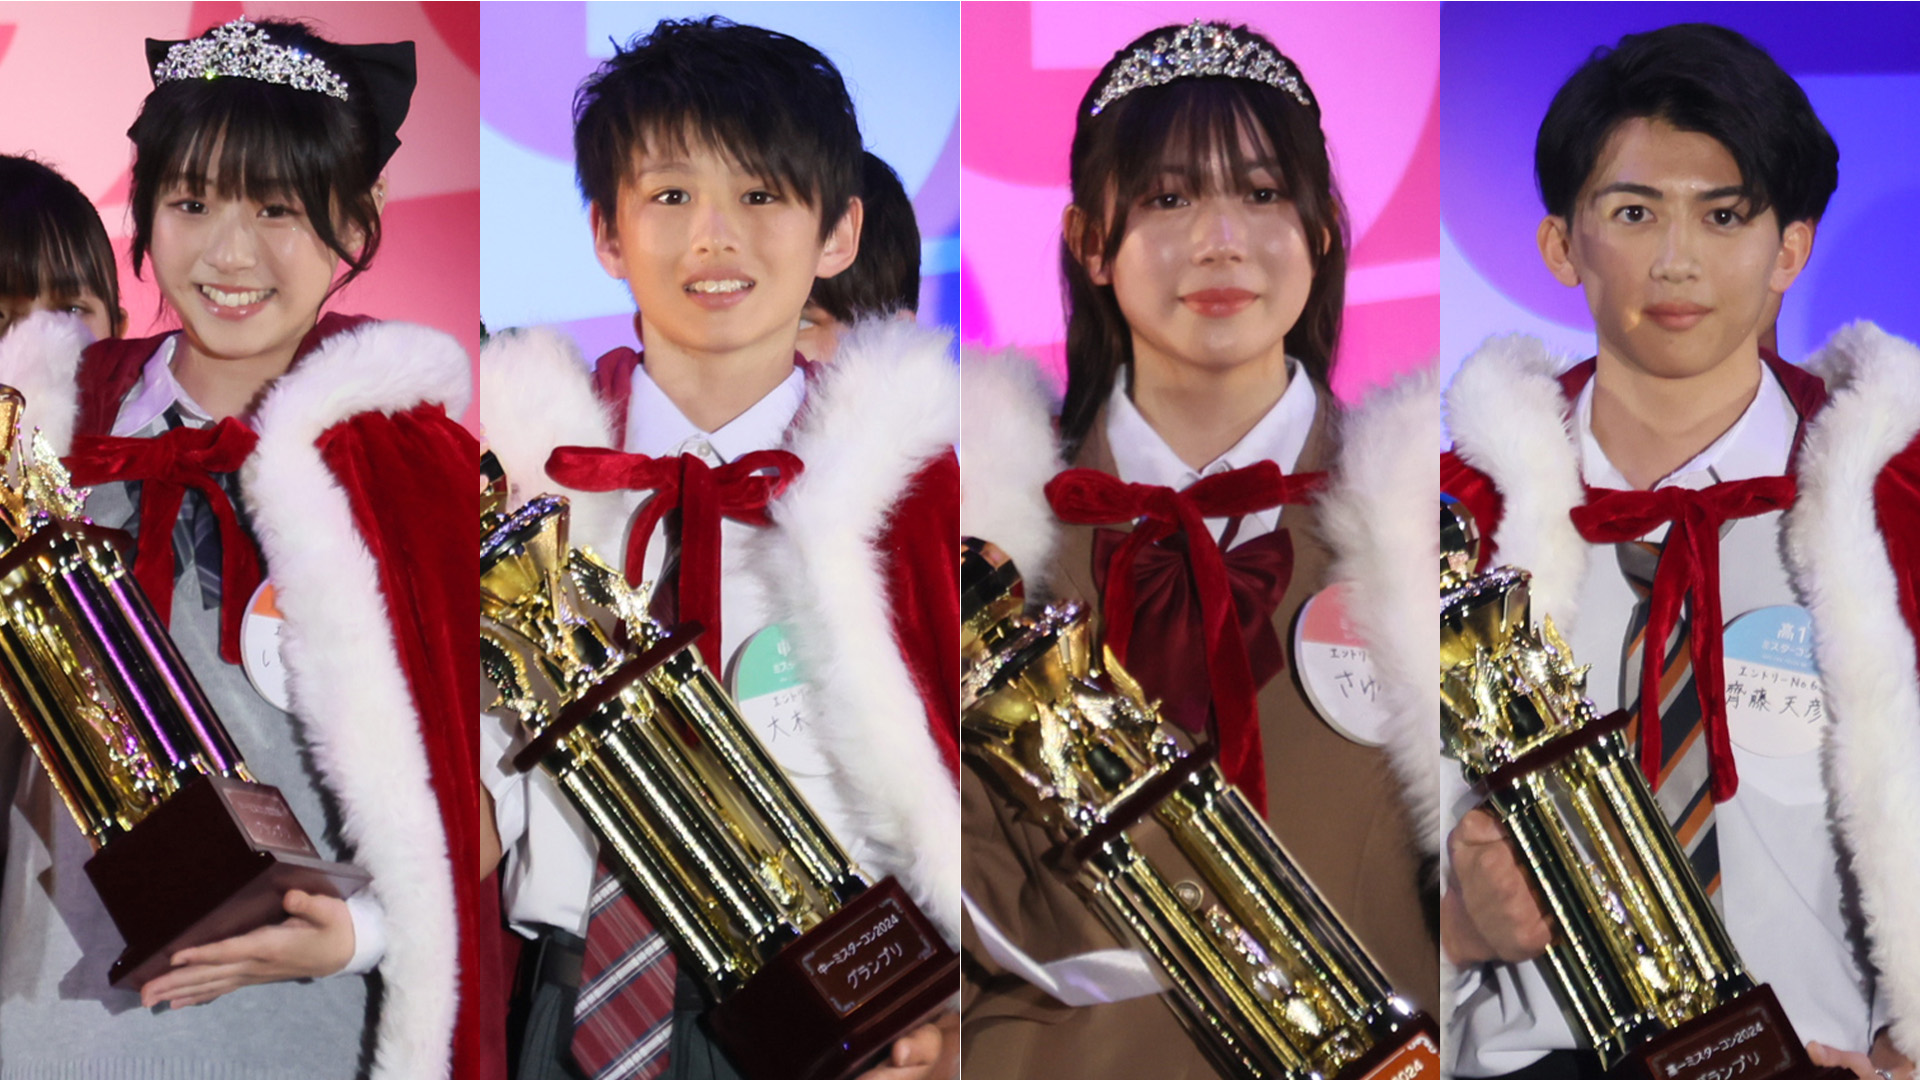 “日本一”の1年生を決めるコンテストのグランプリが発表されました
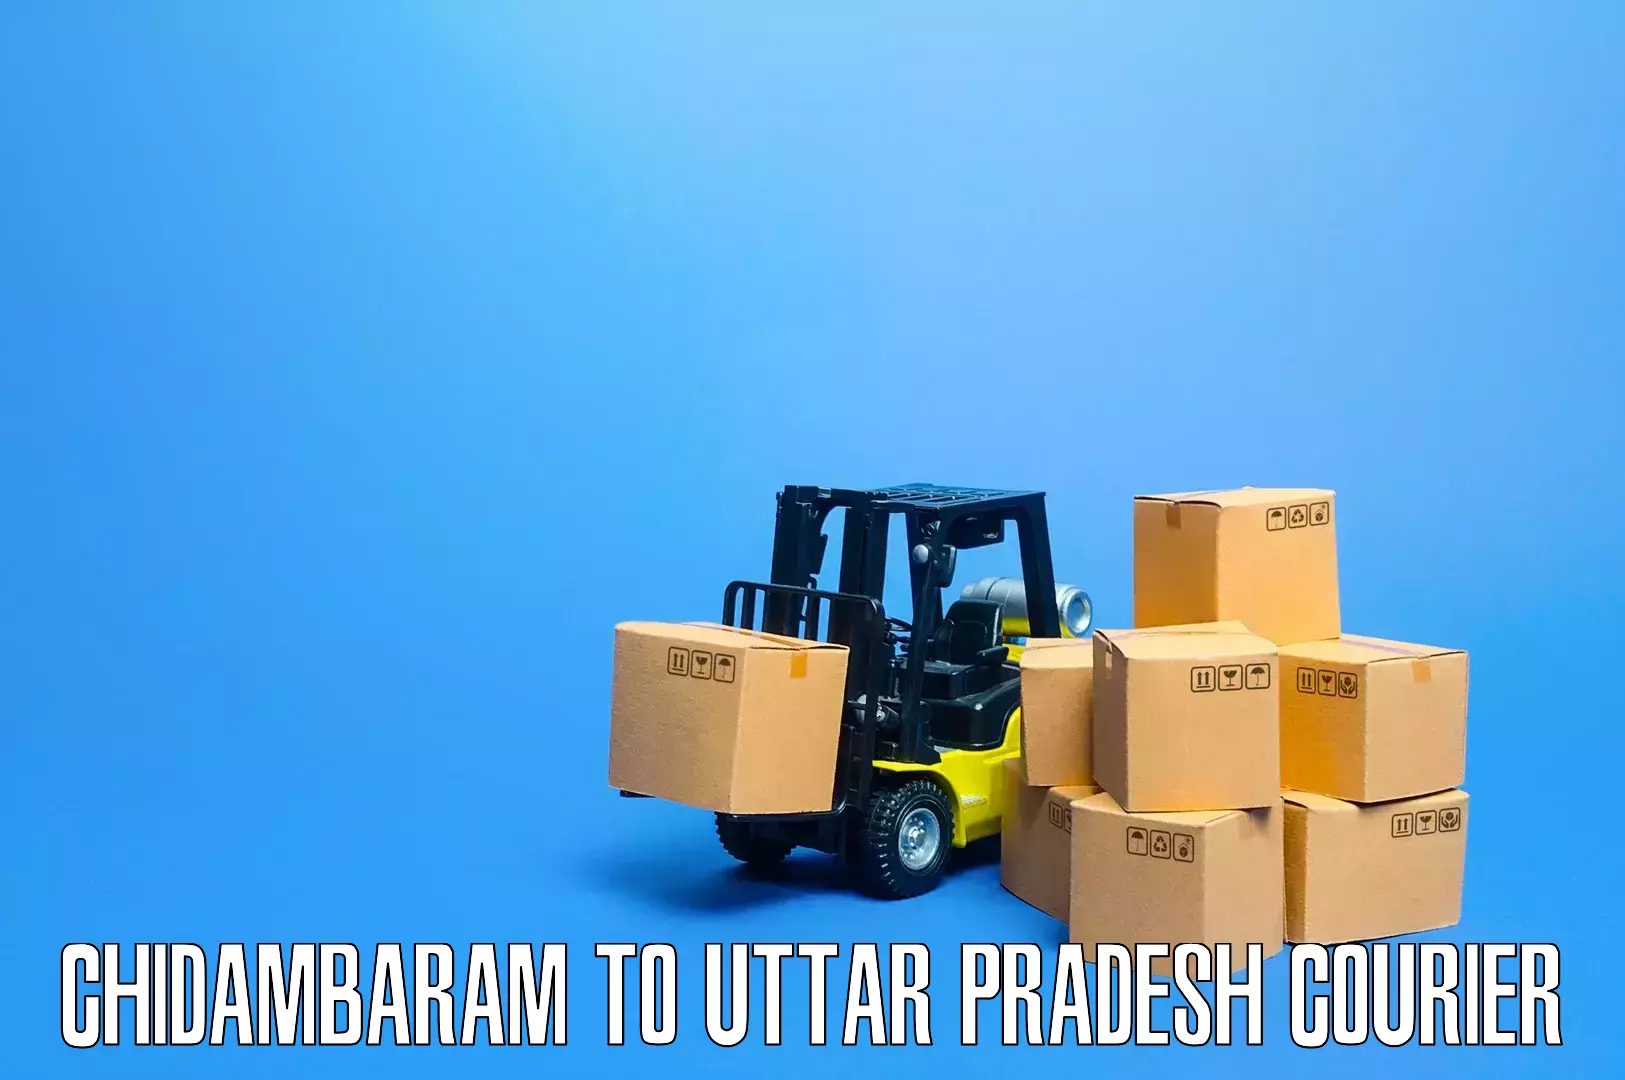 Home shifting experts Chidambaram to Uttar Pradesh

...

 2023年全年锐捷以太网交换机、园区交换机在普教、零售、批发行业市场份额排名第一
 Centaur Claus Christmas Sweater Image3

» **DIRECTIONS**: Taking the entries above, write out exactly each line from the one holding "2023年全年锐捷以太网交换" to the one holding "Centaur Claus Christmas Sweater Image3", both included, and stop there.

» **OUTPUT OF THE EXERCISE**:
 2023年全年锐捷以太网交换机、园区交换机在普教、零售、批发行业市场份额排名第一
 Centaur Claus Christmas Sweater Image3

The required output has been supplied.